Finding a derivative at 0 by taking the limit as x -> 0 in the "general" formulate for the derivative can be dangerous: a function may be differentiable at a point yet that derivative need not be continuous there. –  murray Dec 12 '12 at 16:46
1  
@murray Evaluation via substitution will go wrong in presence of a removable singularity. Evaluation via limit might go wrong in presence of a discontinuity in the derivative. The latter will, most often, be the less serious mistake.

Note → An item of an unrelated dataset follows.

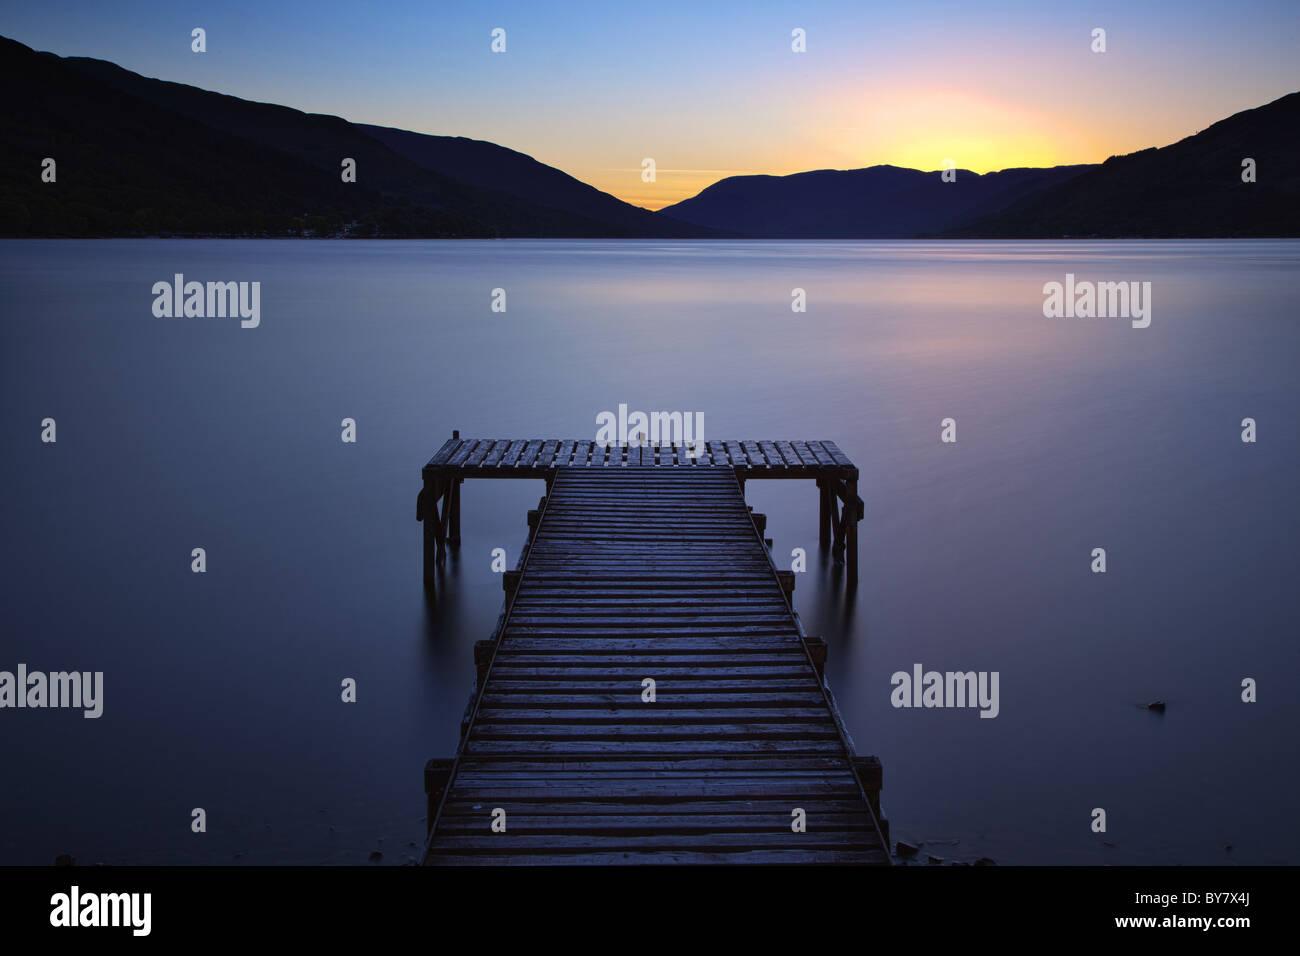 Loch Earn Jetty, St Fillians, Perthshire, Scotland - Stock Image

The best to be said for the blind substitution approach is one can try to trap for Indeterminate and switch to a limit. of course if you have (explicit zero)/(hiddfen zero) then the trap fails (Limit can also miss such things but is less likely to do so). –  Daniel Lichtblau Dec 12 '12 at 19:32
3  
NestList[D[#, x] &, f[x], n] will avoid internally recomputing lower derivatives. –  Daniel Lichtblau Dec 12 '12 at 19:32

There is another approach that sometimes works better (gives closed-form expressions rather than recurrence relations):

In[1]:= InverseFourierTransform[(-I k)^n FourierTransform[1/(1 + x^2)^Log[2], x, k] , k, x]

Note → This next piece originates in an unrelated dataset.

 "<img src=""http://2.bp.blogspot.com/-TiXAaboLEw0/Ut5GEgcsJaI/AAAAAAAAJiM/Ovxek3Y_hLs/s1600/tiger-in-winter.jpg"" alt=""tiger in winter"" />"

Out[1]= (2^(-1 + n - 1/2 Log[1/x^2])
      Abs[x]^-Log[2] ((-I)^
      n ((1 + n) x Gamma[(1 + n)/2] Gamma[
      n/2 + Log[2]] Hypergeometric2F1[(1 + n)/2, n/2 + Log[2], 1/
      2, -x^2] (n + Log[4]) - 
    2 I Gamma[1 + n/2] Gamma[
      1/2 (1 + n + Log[4])] ((1 + x^2) Hypergeometric2F1[(2 + n)/
         2, 1/2 (1 + n + Log[4]), -(1/2), -x^2] - 
       Hypergeometric2F1[(2 + n)/2, 1/2 (1 + n + Log[4]), 1/
         2, -x^2] (1 + x^2 (3 + 2 n + Log[4])))) + 
 I^n ((1 + n) x Gamma[(1 + n)/2] Gamma[
      n/2 + Log[2]] Hypergeometric2F1[(1 + n)/2, n/2 + Log[2], 1/
      2, -x^2] (n + Log[4]) + 
    2 I Gamma[1 + n/2] Gamma[
      1/2 (1 + n + Log[4])] ((1 + x^2) Hypergeometric2F1[(2 + n)/
         2, 1/2 (1 + n + Log[4]), -(1/2), -x^2] - 
       Hypergeometric2F1[(2 + n)/2, 1/2 (1 + n + Log[4]), 1/
         2, -x^2] (1 + x^2 (3 + 2 n + Log[4]))))))/((1 + n) 
       Sqrt[Pi] x Gamma[Log[2]] (n + Log[4]))

It also can be used to find repeated anti-derivatives.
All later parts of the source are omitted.